School. It’s a place of nurturing, a place where our young people go to learn and to develop both academic and social skills that will equip them for the rest of their lives. But for many children, their time at school will be blighted by bullying, whether physical or emotional, and the consequences of that can be devastating. As we have seen in the past few months, for lesbian, gay, bisexual or transgender (LGBT) children in particular, such bullying can be fatal when they find only one tragic solution: to take their own lives.
The Safe Schools Improvement Act, as introduced to the House by California Representative Linda Sánchez on May 5th this year, aims to stop this by bringing a federal mandate to schools that receive funding from the Safe and Drug-Free Schools and Communities Act, compelling them to draw up and implement an anti-bullying policy that must also include protections based on sexual orientation and gender identity/expression, as well as other key categories such as race and religion.

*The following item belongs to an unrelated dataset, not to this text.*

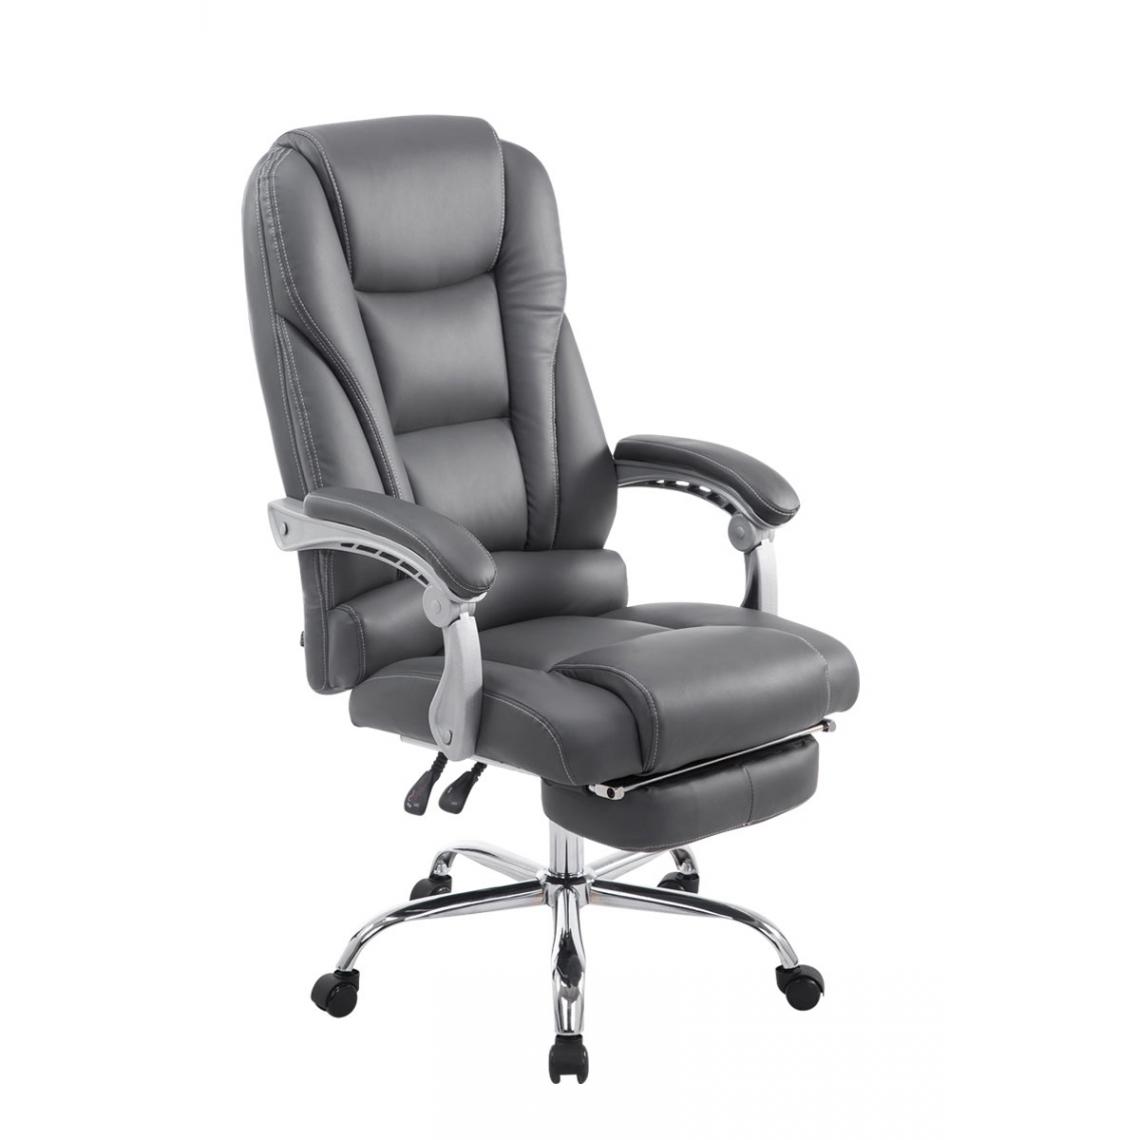 Icaverne - Superbe Chaise de bureau serie Quito couleur gris - Chaises
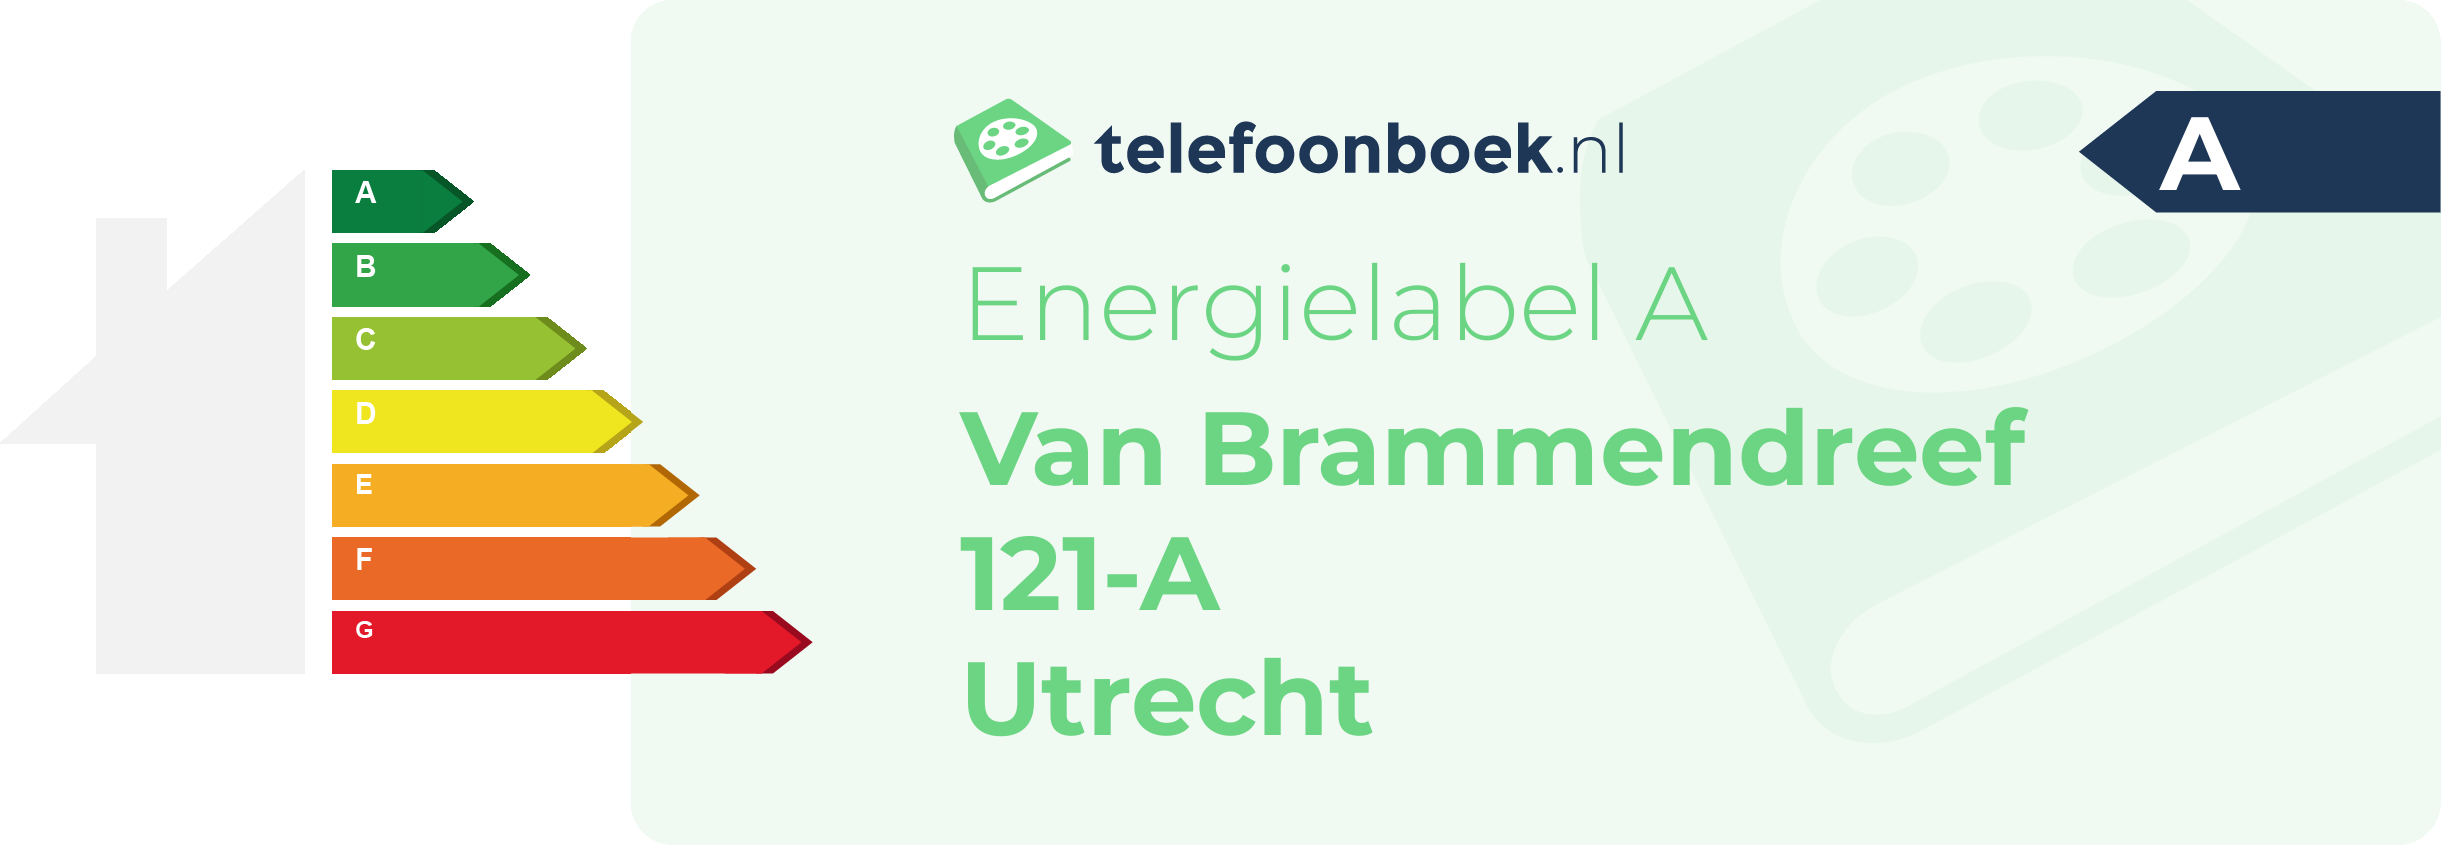 Energielabel Van Brammendreef 121-A Utrecht

The Safe Schools Improvement Act would provide comprehensive legislation that would set out clear boundaries of acceptable behavior with meaningful ways for teaching staff to address behavior that crosses that boundary.
Importantly for LGBTs, the Safe Schools Improvement Act would also compel both the state and district to document incidents of bullying which would, for the first time, give an overview of the true situation and what types of bullying are prevalent in schools, meaning that more accurate ways to combat such problems could then be devised.
When introducing the Safe Schools Improvement Act to the House, Rep. Linda Sánchez highlighted the need for this important legislation when she said:
“It is time we combat outdated and erroneous beliefs that downplay the seriousness of bullying… bullying is not a harmless “rite of passage” and can no longer be brushed off as child’s play… bullying can cause children to become anxious, fearful, unhappy, and even cause them to be physically sick… three-quarters of all school shooting incidents have been linked to bullying and harassment, and victims of bullying and harassment are more likely to be depressed or suicidal.”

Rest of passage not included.